╭──

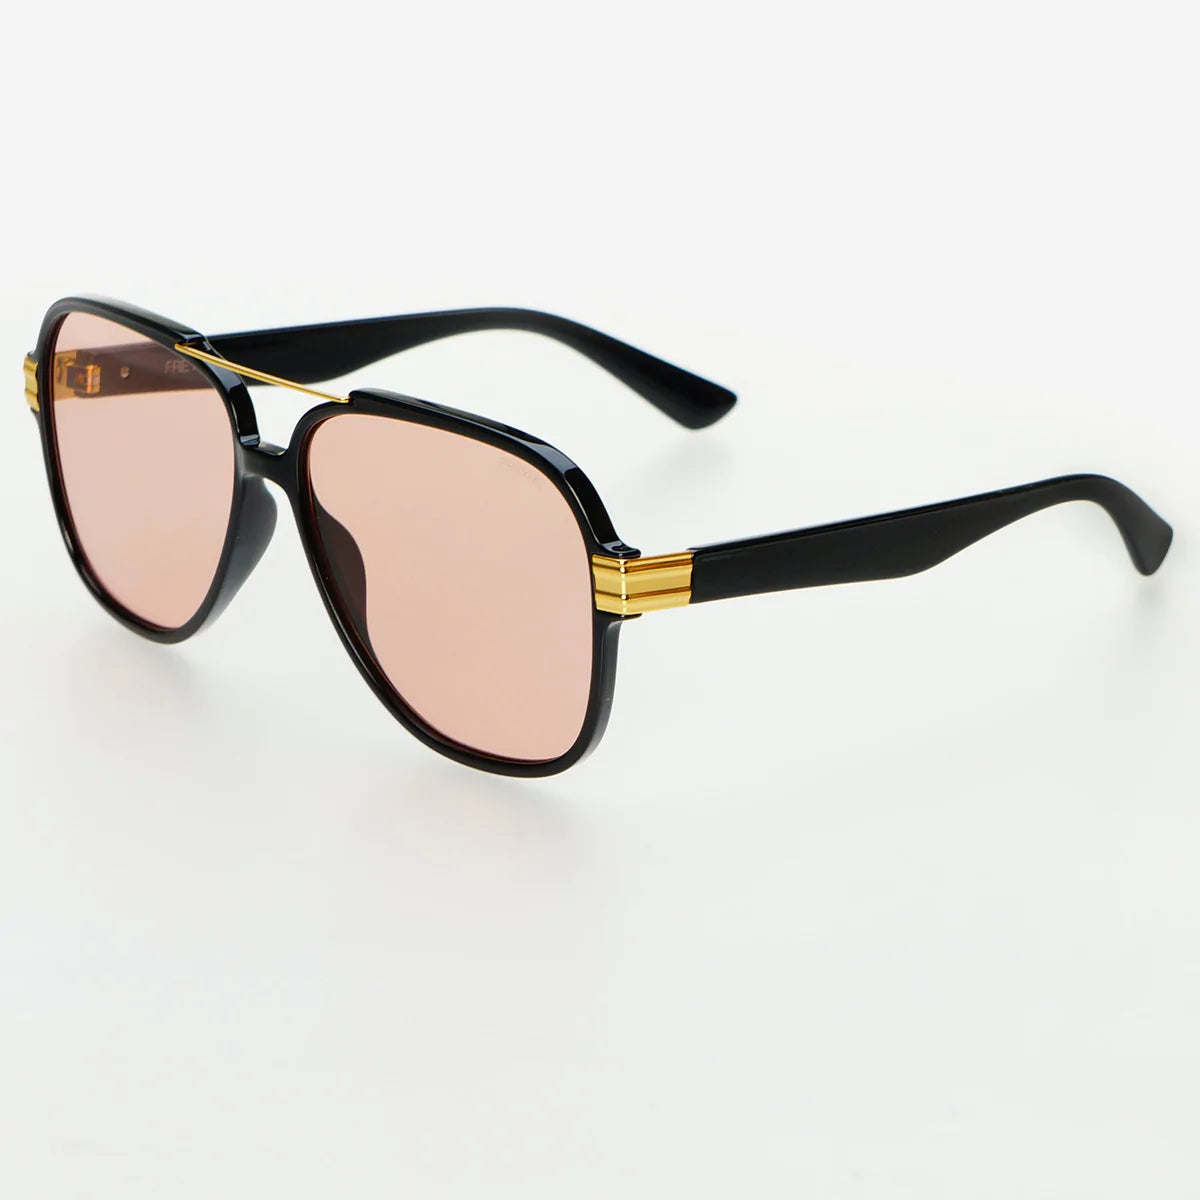 FREYRS Spencer Sunglasses
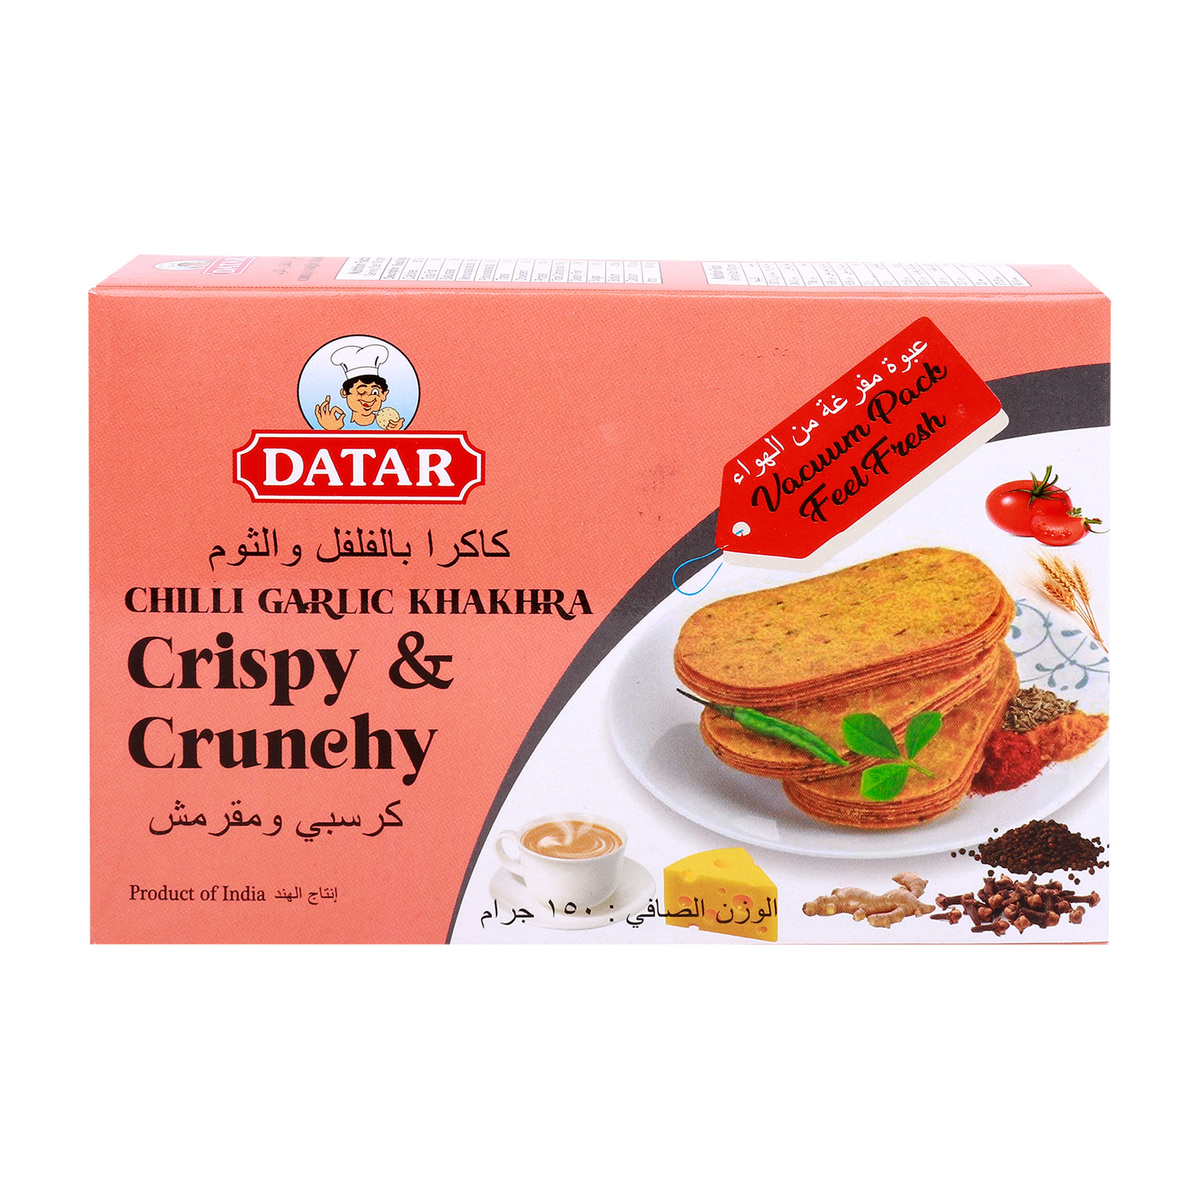 Datar Crispy & Crunchy Chilli Garlic Khakhra 150g
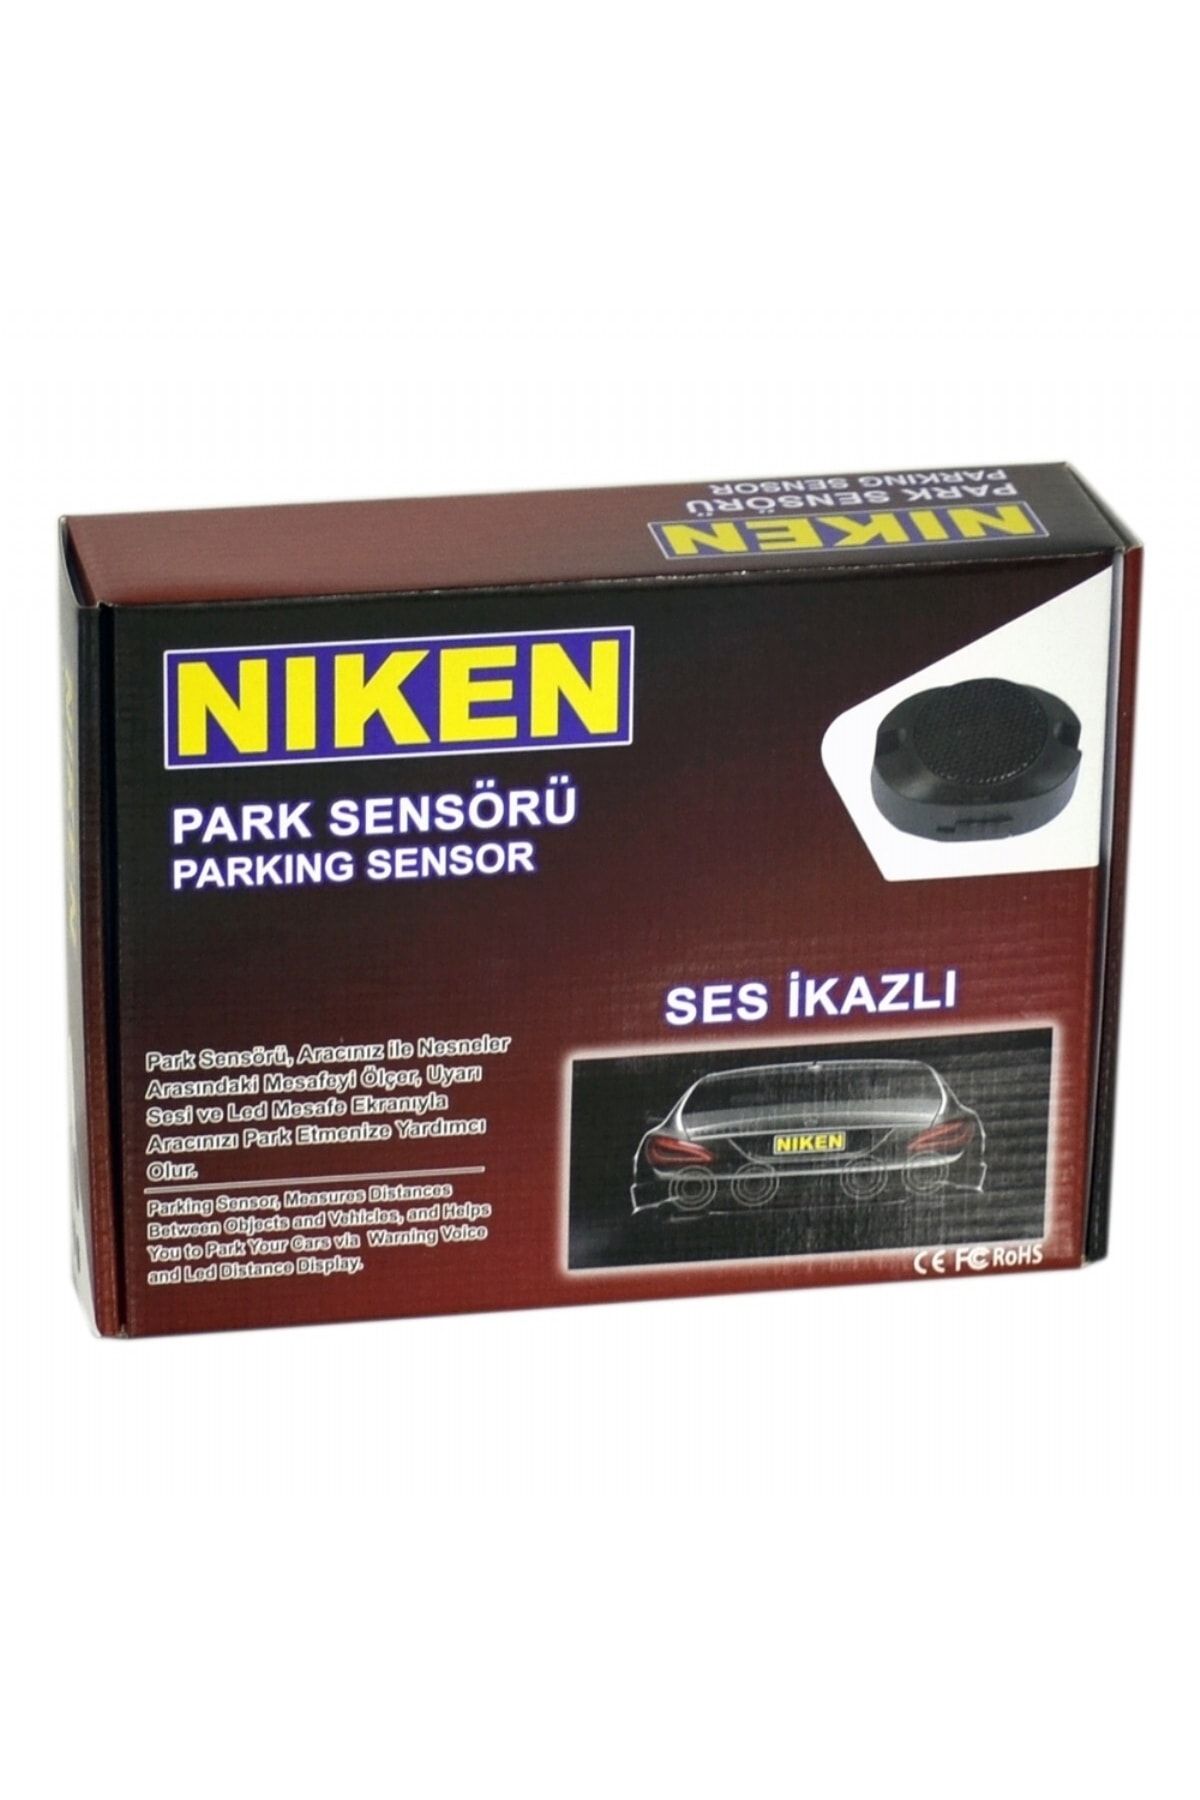 Niken Park Sensörü Ses Ikazlı Gri

╰──

WHAT IS REQUIRED :: Reproduce the listing exactly, but keep its images out of the copy.

ANSWER ::
 FREYRS Spencer Sunglasses
 Datar Crispy & Crunchy Chilli Garlic Khakhra 150g
 Niken Park Sensörü Ses Ikazlı Gri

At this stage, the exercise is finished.